To open your phyllo, you will need a long rectangular table or large work surface (ensure either is clean).

{my table was apparently not enough for this piece=) }

Drizzle the work surface with oil and place one stack on the work area, use a rolling pin to seal the perimeter (two flats become one) of the dough and then hold on to the edge of the phyllo and begin gently pulling out the dough outwards, trying your best to open the dough in a large rectangle. Your challenge is to open/stretch phyllo that is 1.5 X 2 meters (I never achieved that). Trim off any of the thick edges (No, I didn’t=).

Drizzle oil all over the surface of the phyllo and carefully fold over the phyllo to make it half the size then use a knife to cut it into two equal pieces. Drizzle the surface with oil again and place half of the custard filling diagonally in the middle of one half of the dough. Now pull up each corner of dough towards the centre (like an envelope) to seal the filling (This was really tricky!).

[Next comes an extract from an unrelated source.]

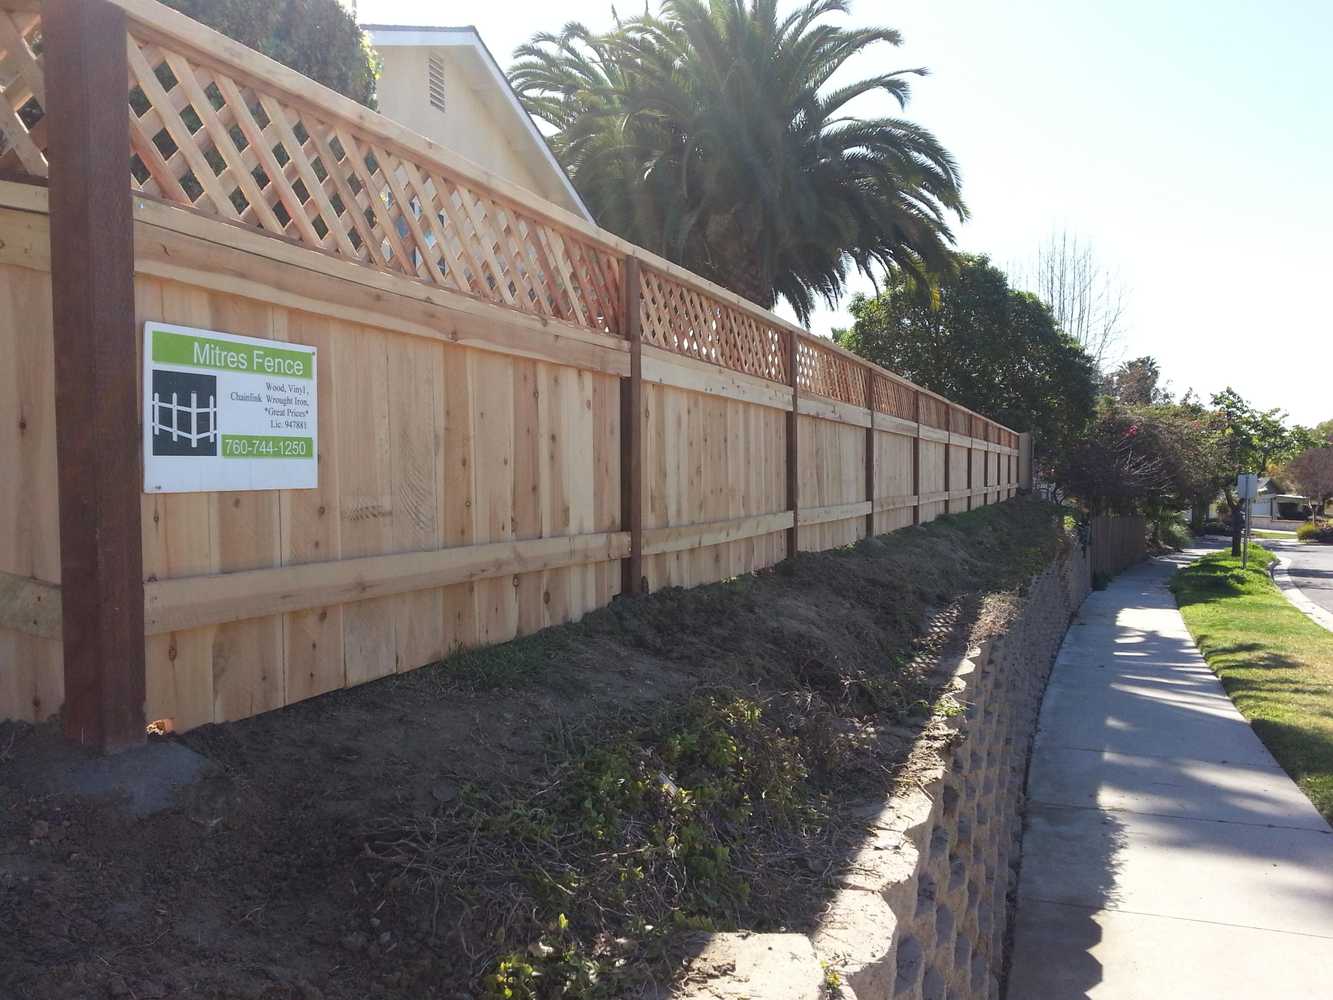 Project photos from Mitre's Fence

Now carefully lift the packet and place the fold-side downward onto the remaining phyllo square (This I didn’t get, as a matter of fact, so my pie got really thick borders). Place on a greased baking sheet and brush the top with oil. Repeat with the remaining two-stack of dough and form your second bougatsa (I had to put the second one in the fridge while the first was baking). Brush the top with oil and place in a pre-heated 175 ‘C oven for 45-60 minutes (middle rack) or until golden (mine needed about 45 min). Remove from the oven and allow to cool about 20 minutes before serving.

Cut up into bite-sized squares and dust with lots of icing sugar and some ground cinnamon (I had to add more and more sugar as it got melted each time I put the pies in the cupboard where we’re forced to store all our edibles not requiring fridge now).

Although I didn’t manage to make the phyllo as a real bougatsa would have it, but, really, I never thought that you COULD make it at home at all! A real bougatsa would have less dough, be thinner and of course the dough will be as if in sheets. I did cope to have some layers but in other parts the dough was too thick and more like a solid block and not a stack of layers. I would also advise you to start with a half of the recipe as this one will make a lot, and if you don’t have enough experience with phyllo, perhaps it would be more sensible to begin with just one pie.

Good luck with your bougatsa, anyway!

More recipes to come soon (I’m using my unemployment period at 100%=), as well as much promised account about the 90s in the USSR (tssss!).



4 thoughts on “BOUGATSA!!!

  1. Georgia, thank you for trying out this Lenten Bougatsa recipe and you did very well. In the future though, if you are so enthusiastic about sharing someone’s recipe, perhaps you should give them more credit that just “adapted from here”.

  2. Georgia, I am delighted when someone tries out one of my recipes but it is also not polite to “copy/paste” a recipe and then to only give credit in the manner you have “adapted from here”.

    Don’t you think if the recipe is worthy of sharing then one should give proper credit to the source? Perhaps I should change my blog name to “here”…..

    1. Hello, Peter, I really want to apologize for my inaccurate use of your recipe, it’s the first time I’m addressed by the author of the recipe. I guess, I’m not that savvy in how to quote correctly the online sources. I have included the name of your site now, I hope that this will do? Or would you rather I just gave a link to your site without giving the recipe? Perhaps, I will from now on ask for the permission first, which has never entered my mind, I’m sorry (although I did write it was copy-paste from the original source each time I used someone’s recipe, I understand that this is not appropriate…). Thank you for you remark, I will try to improve my online correctness!
      And thank you for your recipes!